“Loop Dreams” chronicles the low-budget production of the film “Blackmale” by wannabe junior Coen Brothers Mike and George Baluzy, who start out hoping to make a Tarantino movie and end up pretty happy to go home and do something else. It seems like a decent enough idea to me to have your assistant director film a documentary at the same time you make your movie. After all, worse case is that the shoot is a disaster and you have an entertaining travelogue with which to entertain your family and friends. This is pretty much the same territory “American Movie” tried to cover without the wonderful goofy presence of Mark Borchandt. By comparison the Baluzy brothers production seems just professional enough to be boring, and it doesn’t help things any that the co-directors become too cranky to actually submit to the process, often practically telling Harvey Hubbell and his documentary to buzz off and leave them to their quagmire.
This could have been pretty funny stuff. An expensive dolly breaks, the crew mutinies, one of the actors shows up with a battered face after losing a bar fight right before his key final scene, graves are robbed, and a blood stained poodle is slowly dragged down the street as its owner watches in horror. Unfortunately not much of this is actually caught on film, which leaves us with various crew members recounting the various disasters while trying to keep a straight face.
Where were the real questions and answers? What do the investors hope to earn back? Do they earn it back? What does all the stuff we see being filmed look like when it’s done? Did the movie turn out well? How much did it cost to film?

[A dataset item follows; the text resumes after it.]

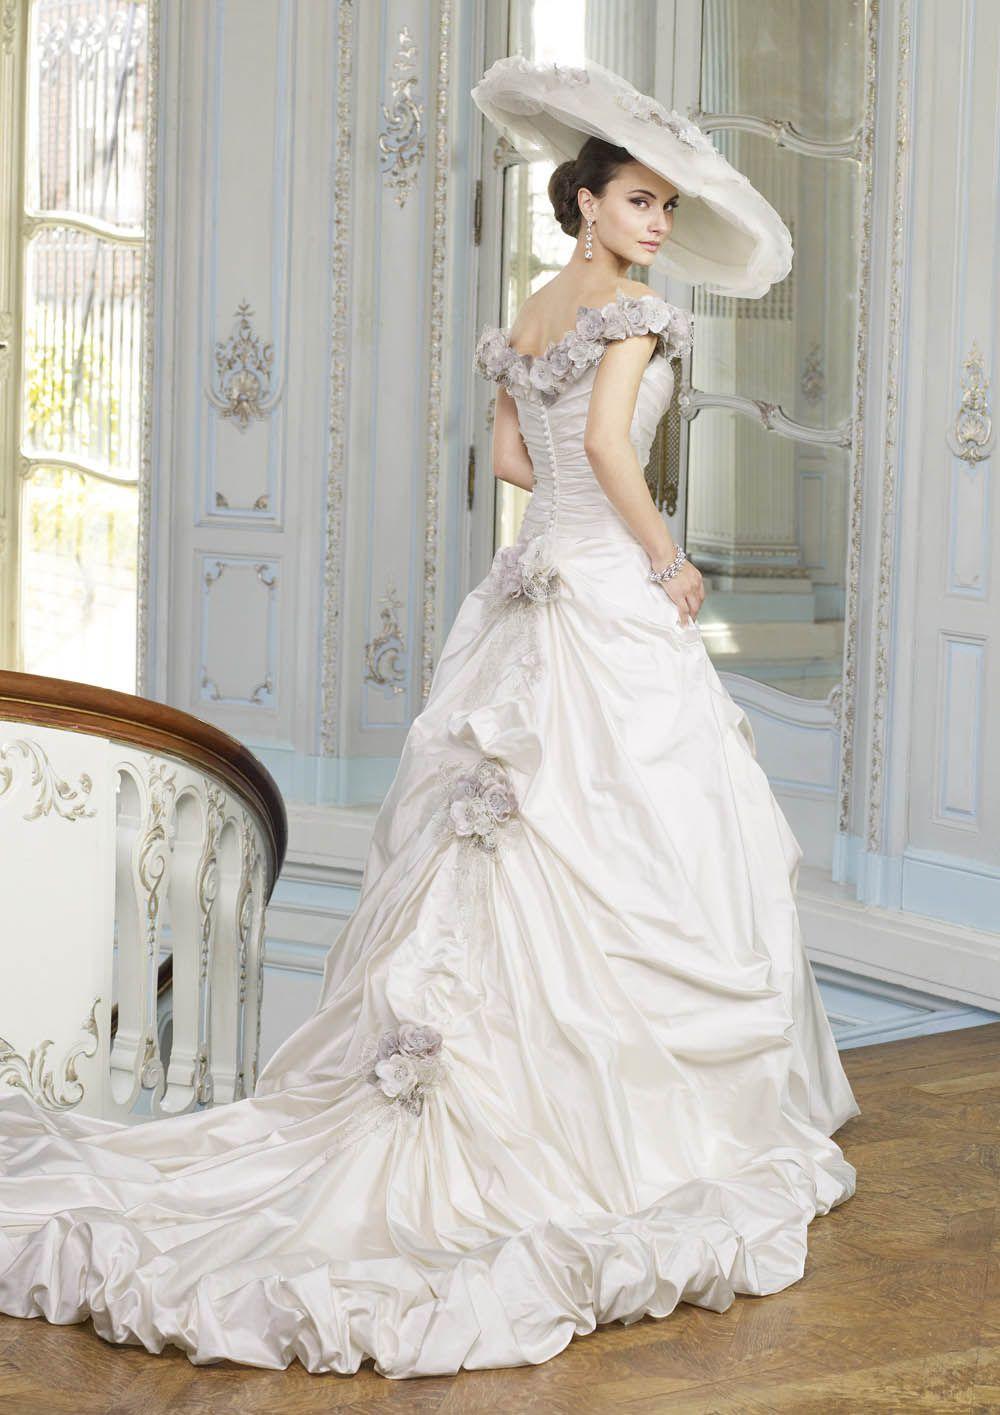 Valdisaire Ian Stuart Ball gown wedding dress, Bridal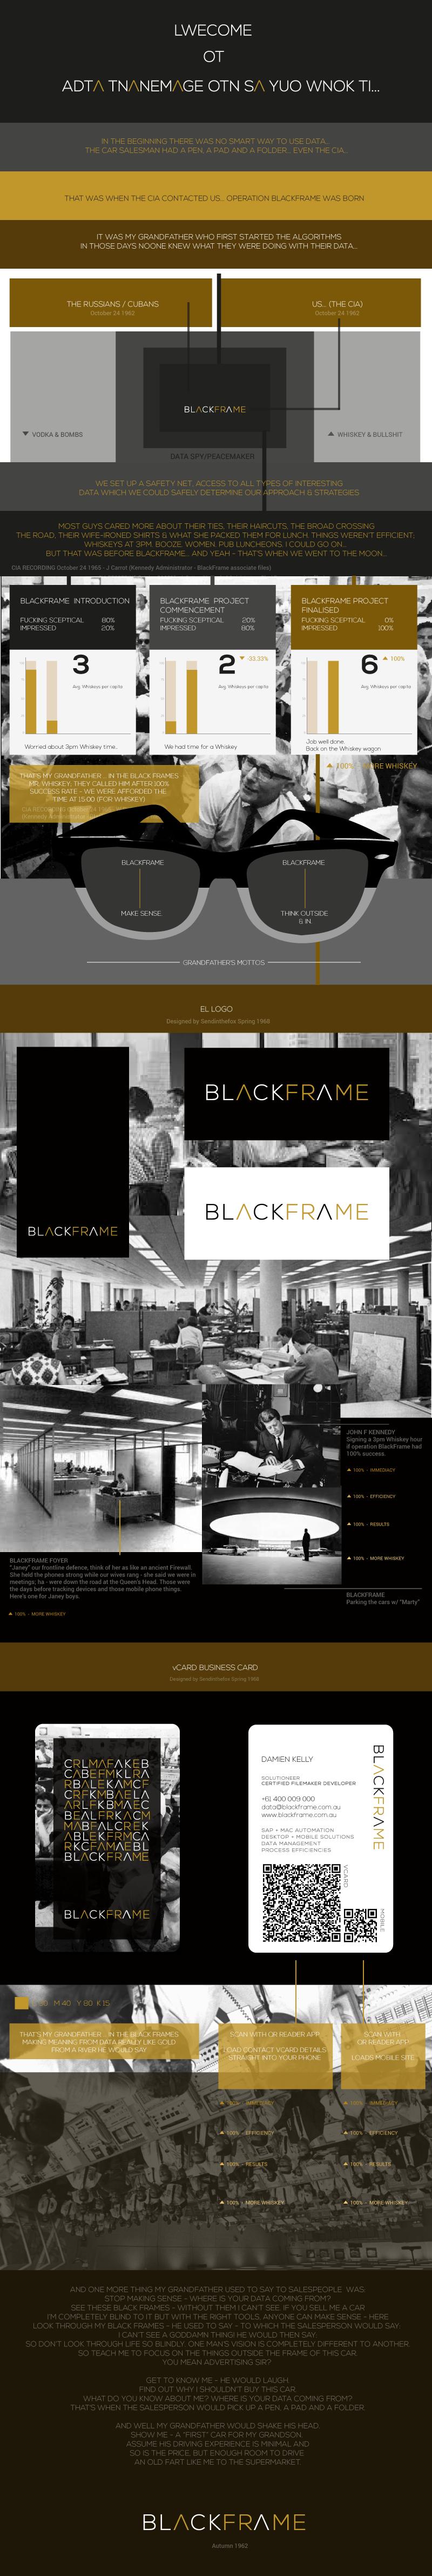 BlackFrame Logo & vCard Business Card – Sendinthefox | Mobile ...

Personally, I would have been somewhat fascinated just to spend fifteen minutes or so with Blackmale star Roger Rees, the guy who played Robin Colcord on “Cheers”. Rees looks terribly unhappy that his career has come to this. When asked for a few words about his character he has nothing to say, but no one follows up with any interesting or relevant questions. If ever a production didn’t seem to deserve a musical “Rocky”-like montage ending, it would appear to be Blackmale. To Hubbell, it seems that even the accomplishment of a bad movie is something to be celebrated, but it seems pretty clear that no one really enjoyed the shoot other than actor Bokeem Woodbine, who appears to have spent six months lazing around on a couch. The Baluzy brothers seem more than willing to throw as much violence, sex, and weirdness into their film as they can, but in the end it still doesn’t make them very interesting.